We will compute the features for the whole dataset, and we will add to the dictionary the case IDs. We will use the [csv](https://docs.python.org/3/library/csv.html#module-csv) module to export the features as a csv file.


In [None]:
import glob
import csv

In [None]:
images_fnames = glob.glob(os.path.join(dataset_path,'*_resized.pgm'))

In [None]:
extracted_data = []
for image_fname in images_fnames:
  mask_fname = image_fname.replace('resized', 'mass_mask')
  image = read_pgm_as_sitk(image_fname)
  mask = read_pgm_as_sitk(mask_fname)
  featureVector = extractor.execute(image, mask, label=255)
  featureVector['image_ID'] = os.path.basename(image_fname)
  featureVector['mask_ID'] = os.path.basename(mask_fname)
  extracted_data.append(featureVector)


In [None]:
extracted_data

The extracted data is a list of dictionary

In [None]:
type(extracted_data)

We will identify the variables we will store in the .csv file.

In [None]:
list(extracted_data[0].keys())

We can either store them all:

In [None]:
csv_columns =  list(extracted_data[0].keys())
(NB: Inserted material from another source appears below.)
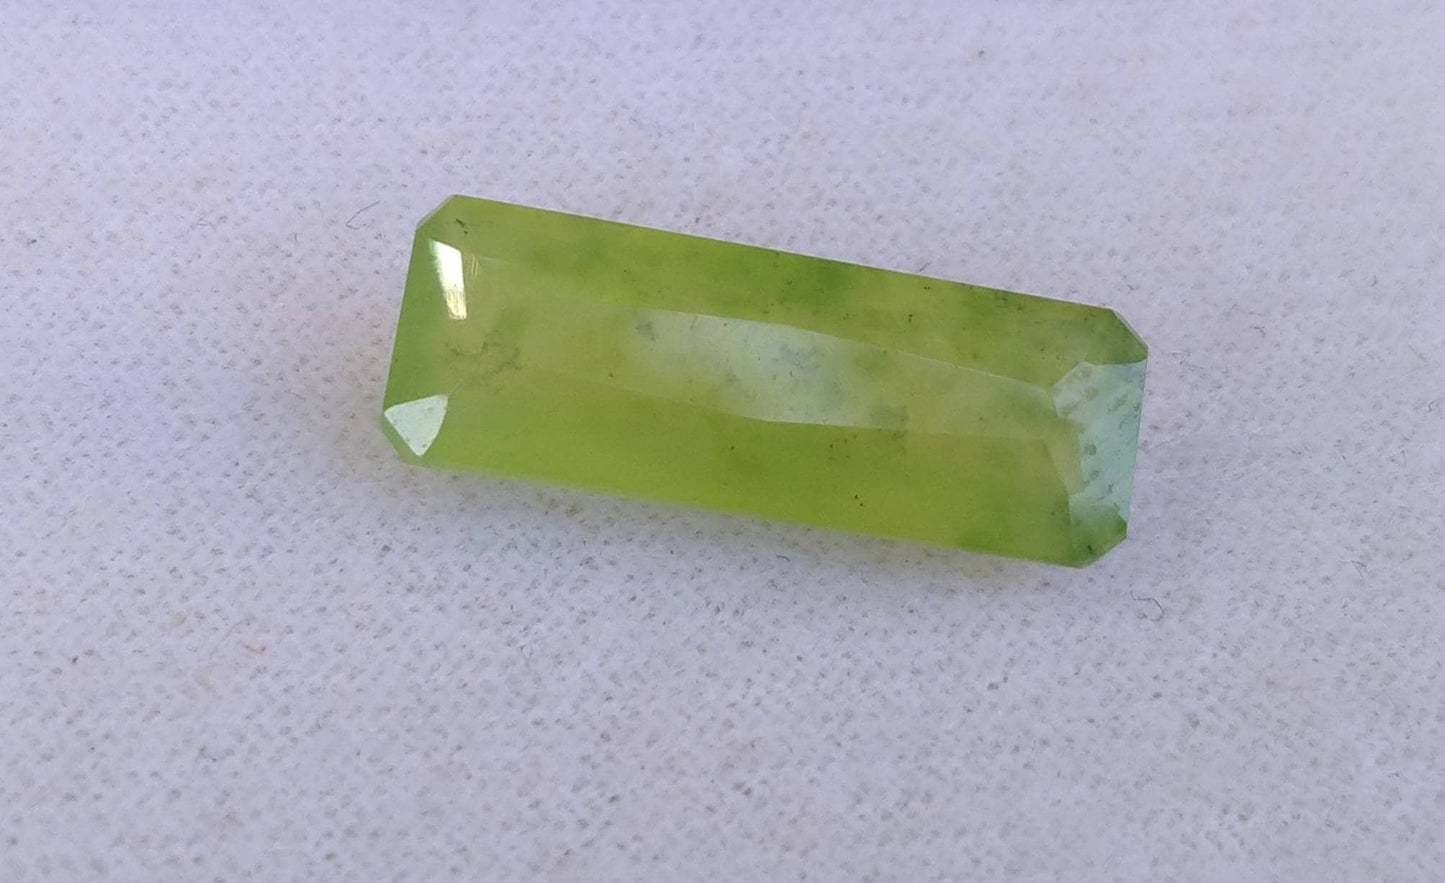 ARSAA GEMS AND MINERALSNatural top quality beautiful 9 carats radiant cut shape faceted green hydrograssular garnet gem - Premium  from ARSAA GEMS AND MINERALS - Just $20.00! Shop now at ARSAA GEMS AND MINERALS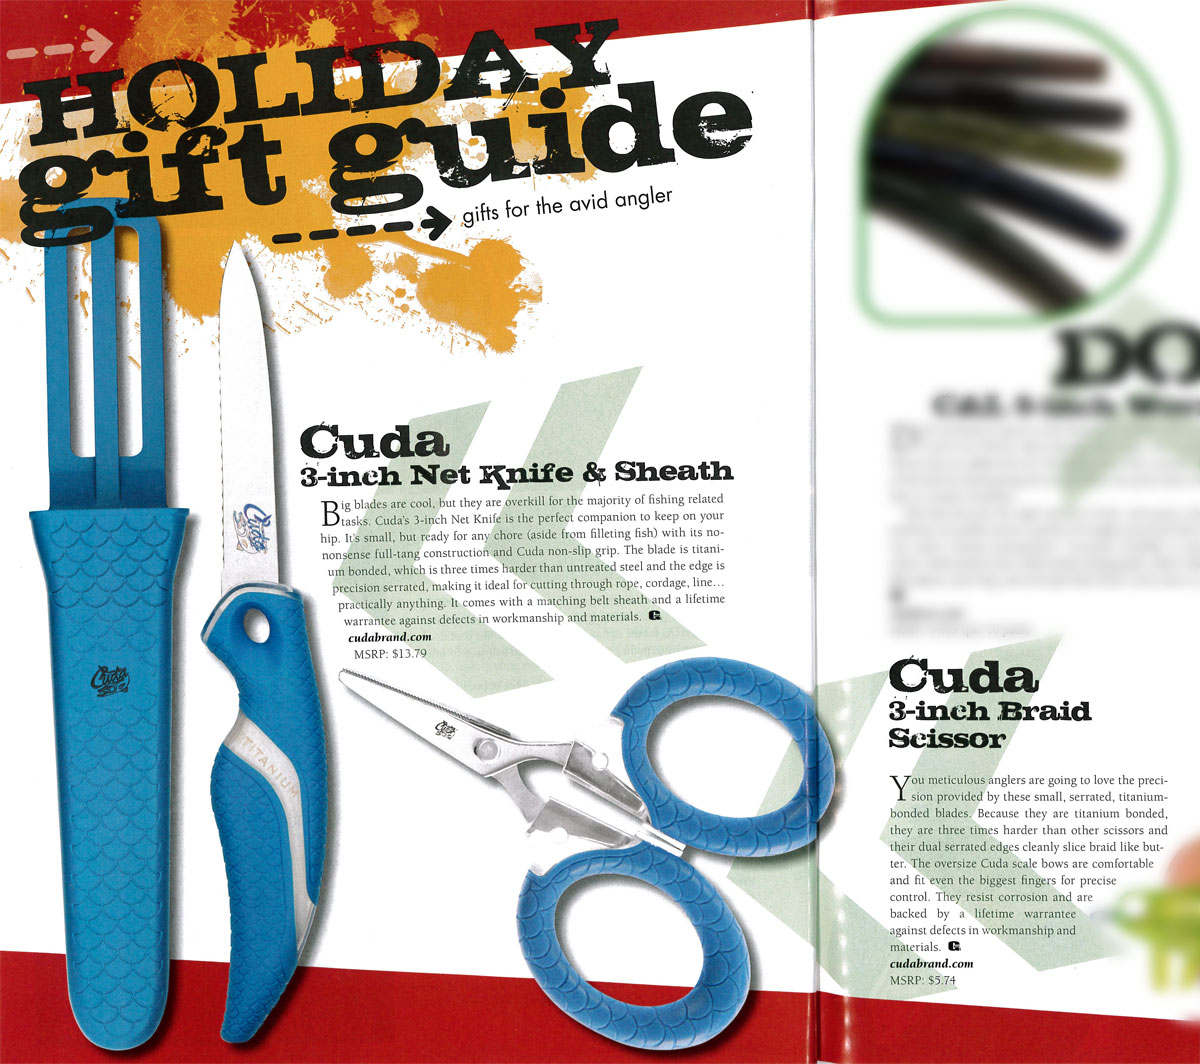 Featured in GAFF’s holiday gift guide - Dec, 2015

or we can select a number of interesting features:

In [None]:
selected_features_name = [x for x in list(extracted_data[0].keys()) if 'firstorder' in x]
csv_columns = [ 'image_ID', 'mask_ID' ] + selected_features_name
csv_columns

We will store the selected features for further analysis in a .csv file

In [None]:
csv_file = "extracted_features.csv"

with open(csv_file, 'w') as csvfile:
    writer = csv.DictWriter(csvfile, fieldnames=csv_columns, extrasaction='ignore' )
    writer.writeheader()
    writer.writerows(extracted_data)

In [None]:
!ls

In [None]:
!cat extracted_features.csv

We can copy the output file on our gdrive folder, as the /content/ forlder content will be reset after the session

In [None]:
!cp extracted_features.csv /content/gdrive/My\ Drive/.